I papiri di Leida e Stoccolma
Le case, le ville e i palazzi dell'antico Egitto sono giunti a noi in forma di ruderi ma,
come si evince dai dipinti ritrovati nelle tombe, gli edifici erano splendidamente
colorati.
Gli egiziani, come si evince da questi papiri, possedevano una tecnologia piuttosto
avanzata per la preparazione del colore. Questi importanti documenti sono emersi
agli inizia del secolo XIX quando il viceconsole svedese di stanza ad Alessandria
d'Egitto, acquistò una collezione di papiri scritti in greco antico. Questi ne donò una
parte all'Accademia Svedese delle Antichità di Stoccolma e la rimanente parte la
vendette al governo dei Paesi Bassi che, a sua volta, li depositò all'Università di
Leida.
I due Istituti, con molta calma, presero a studiarli e solo nel 1885 si scoprì che il
papiro X depositato a Leida, riportava numerose ricette chimiche per produrre
pigmenti. Nel 1913 un testo simile fu tradotto dalla collezione di Stoccolma. Le
Università convennero che i papiri erano opera di un artigiano egizio del III secolo
d.C. che vi aveva riportato informazioni risalenti ad un tempo molto più antico.
L'autore dei papiri, difatti, riporta una tecnologia del colore vicinissima a quella
adoperata durante la Prima Dinastia (3100 a.C.); la civiltà antica era considerata
opera del Grande Creatore, il dio Ptah di Menfi che aveva “portato l'ordine nel caos
elementare di un mondo primordiale di acqua”.
Nel papiro di Stoccolma sono contenute ricette per tingere, mordenzare e produrre
pietre artificiali, mentre quello di Leida è dedicato alla metallurgia. In 101 ricette
sono descritti i metodi per dorare ,argentare e tingere i metalli comprese le istruzioni
per conferire agli oggetti di rame l'aspetto dell'oro. E' proprio il caso di dire che non è
oro tutto ciò che luccica!
L'arte e l'architettura dell'antico Egitto adoperavano pigmenti brillanti ricavati dalla
macinazione delle sostanze presenti in natura quali la malachite per i verdi, l'azzurrite
per il blu conosciuto anche come “fritta blu”, dai solfuri di arsenico orpimento e
realgar si ottenevano rispettivamente il giallo e l'arancio mentre l'ocra era ricavato
dall'ossido di ferro. Dall'unione della fritta blu con l'ocra gialla, si otteneva una
particolare tonalità di verde che si andava ad aggiungere a quella offerta dai minerali
di rame.

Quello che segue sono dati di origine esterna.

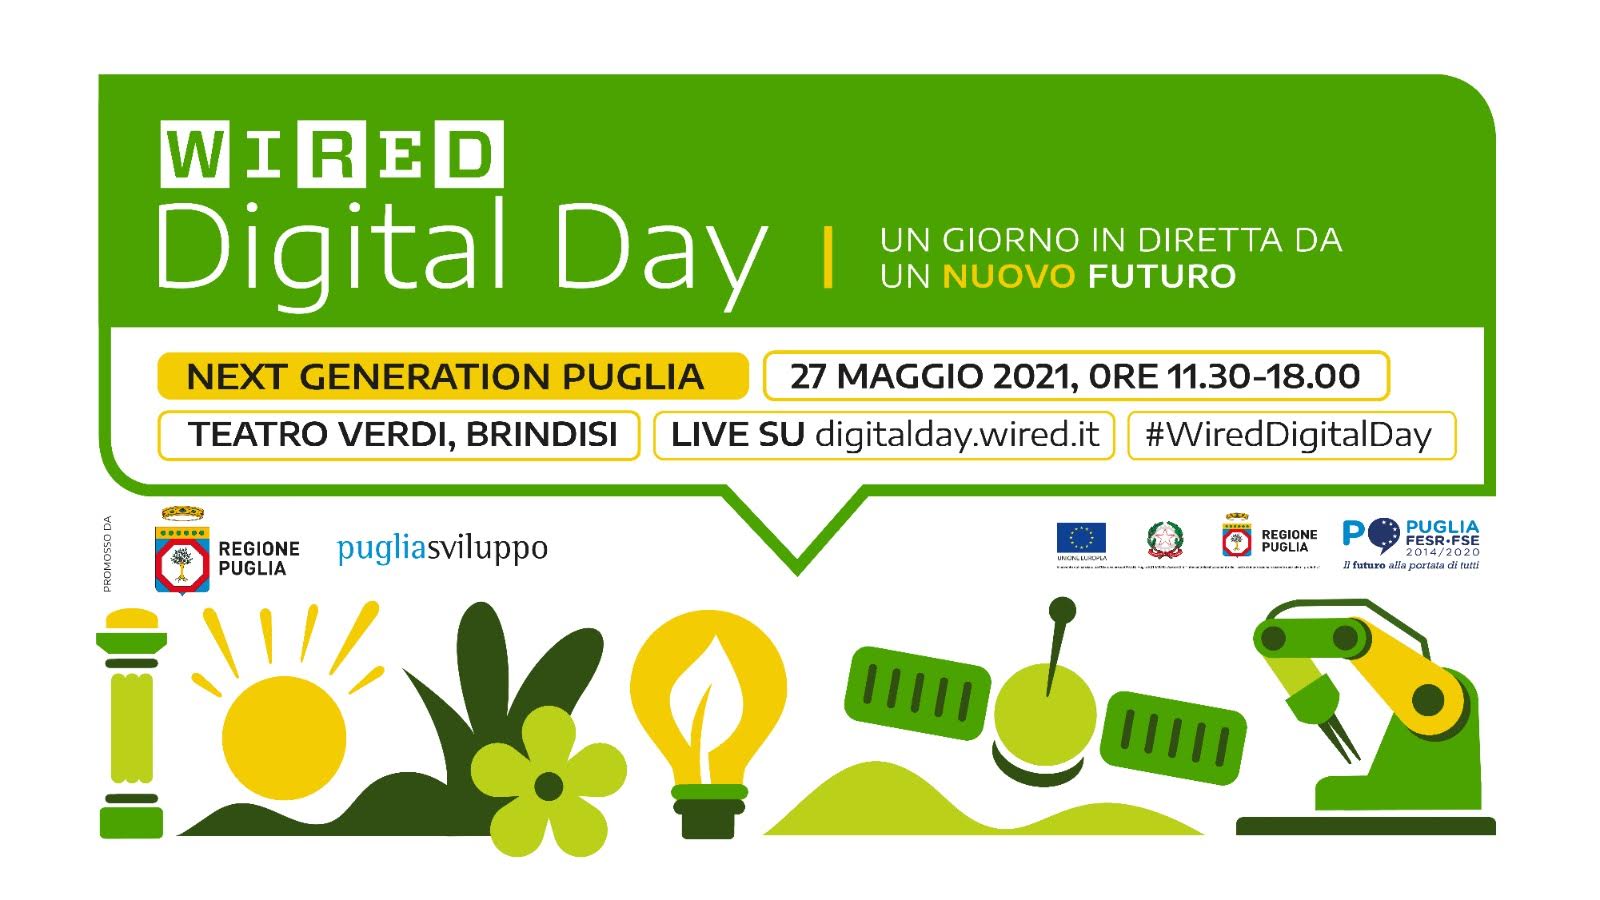 Domani 27 maggio si svolgerà a Brindisi la quarta edizione di WIRED DIGITAL DAY. Parteciperanno il presidente Emiliano e gli assessori Delli Noci e Maraschio

Quest'ultima era conosciuta dai greci come “colla oro” perchè usata appunto
come collante per le dorature. La gamma dei colori era completata dal cinabro, dal
minio, dall'ocra rossa e dal chermes, (una varietà di rosso vivo), dal nero fuliggine e
dal bianco candido ottenuto dalla macinazione delle ossa animali.
I pigmenti venivano mescolati ad una gomma solubile in acqua e agglutinati con una
colla ottenuta da una mistura di pelli animali e albume d'uovo portata ad ebollizione.
Agli egizi si devono anche la fabbricazione della boiacca e la creazione di lacche
colorate ricavate da tinture organiche.